> **EXERCISE DATA**
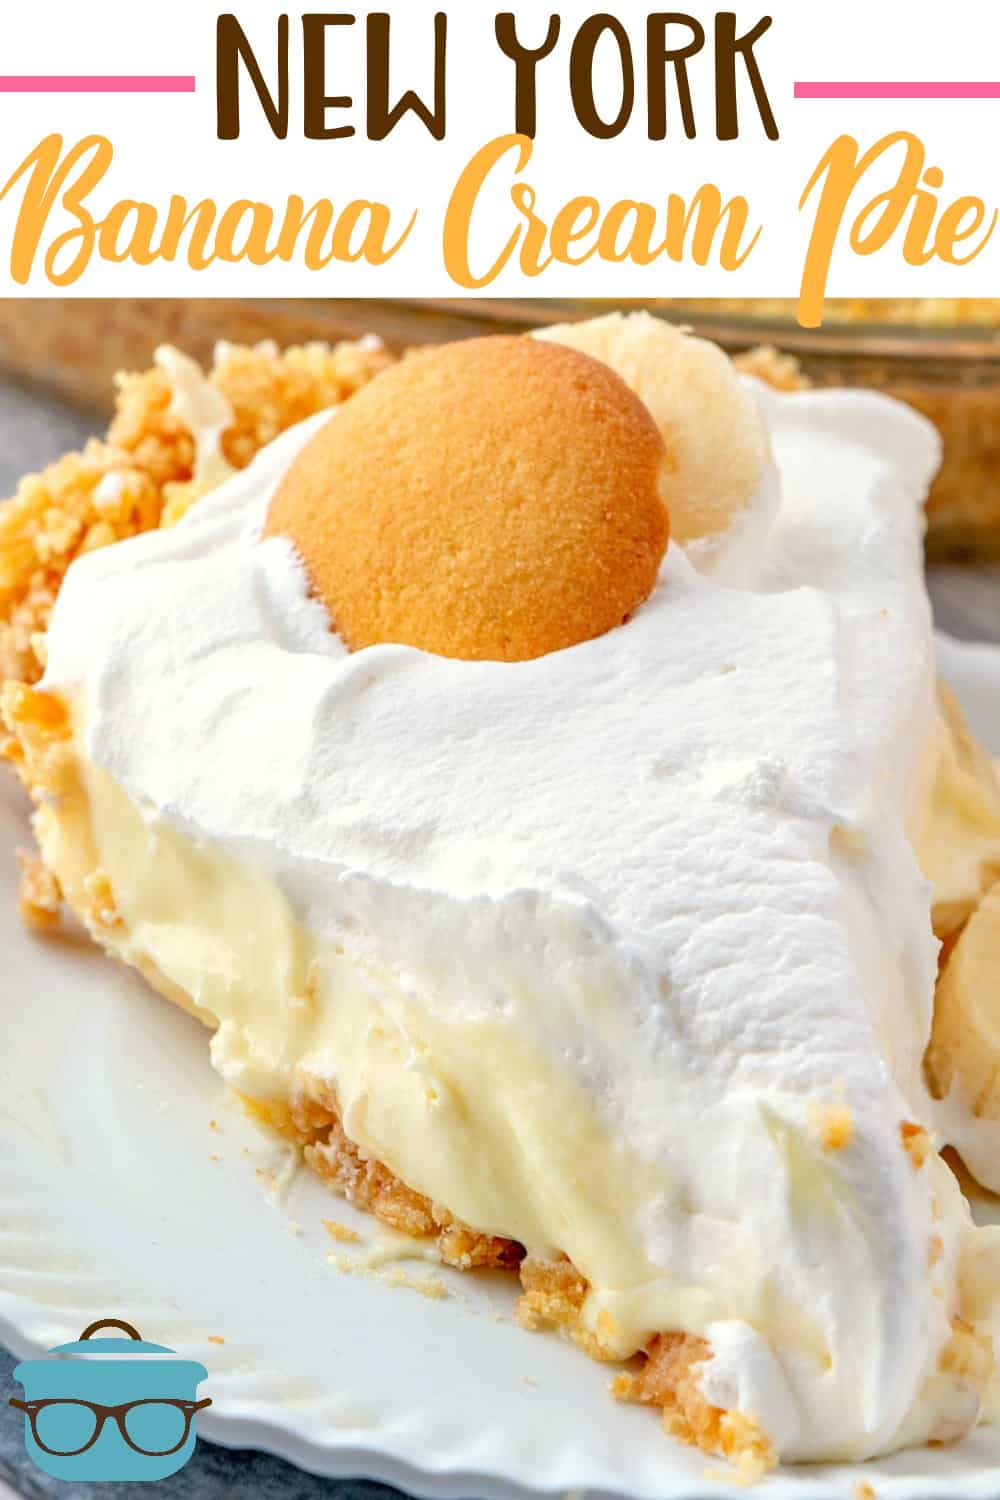 New York style Banana Cream Pie with a Nilla Wafer crust recipe from The Country Cook.
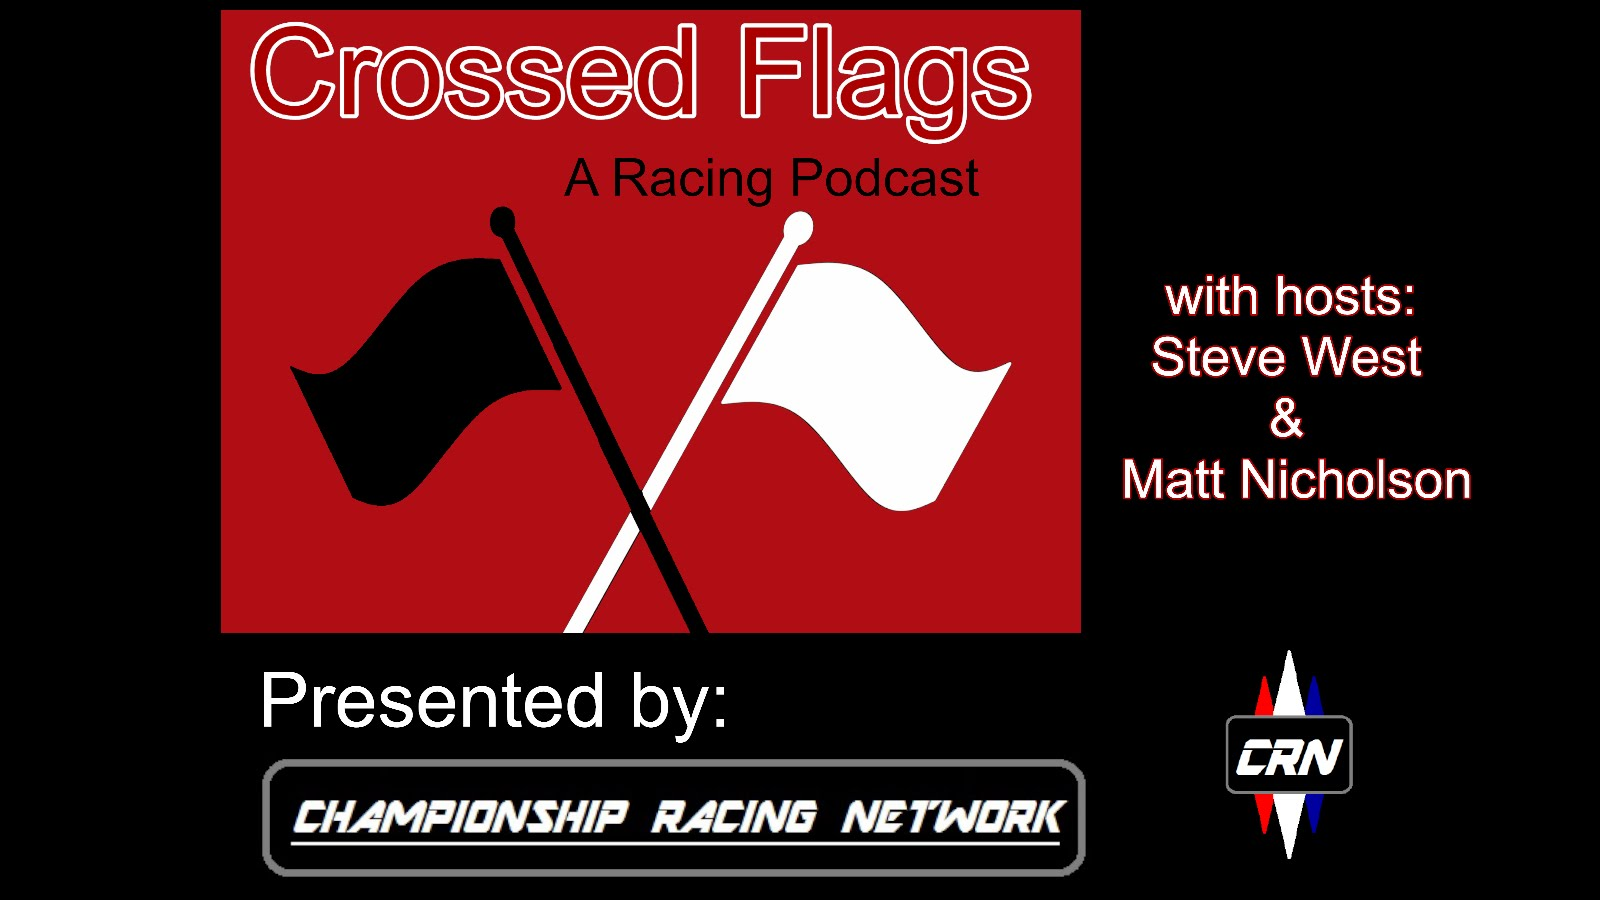 Crossed Flags Episode 2: Andretti with F1 and NASCAR at Dodger Stadium?
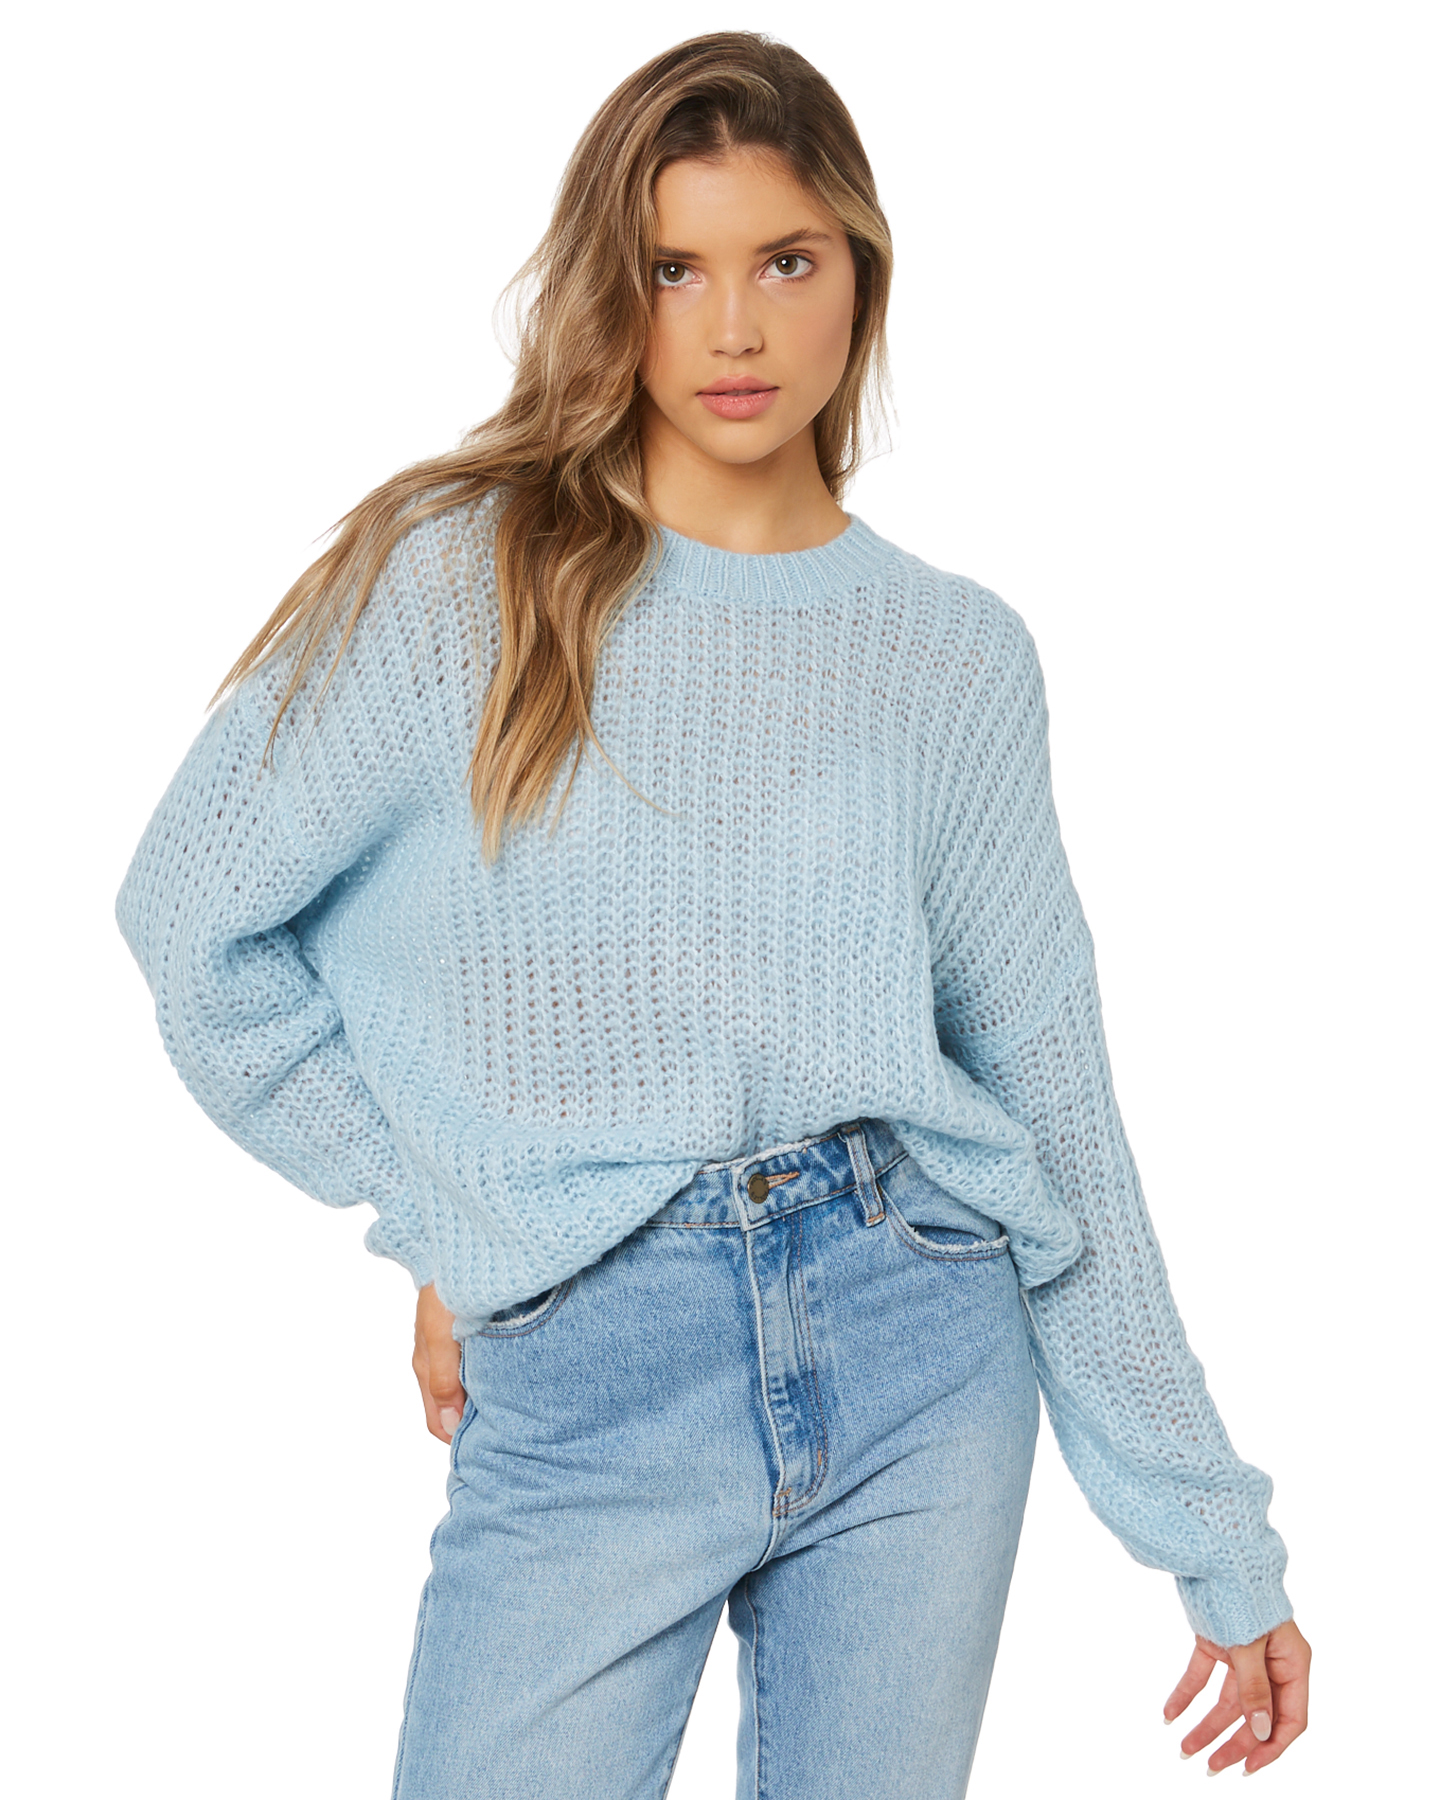 Swell Solace Knit Sweater - Soft Blue | SurfStitch

> **WHAT YOU HAVE TO DO**
In the copy you write, the data above must appear exactly, with no pictures.

> **YOUR RESPONSE**
 New York style Banana Cream Pie with a Nilla Wafer crust recipe from The Country Cook.
 Crossed Flags Episode 2: Andretti with F1 and NASCAR at Dodger Stadium?
 Swell Solace Knit Sweater - Soft Blue | SurfStitch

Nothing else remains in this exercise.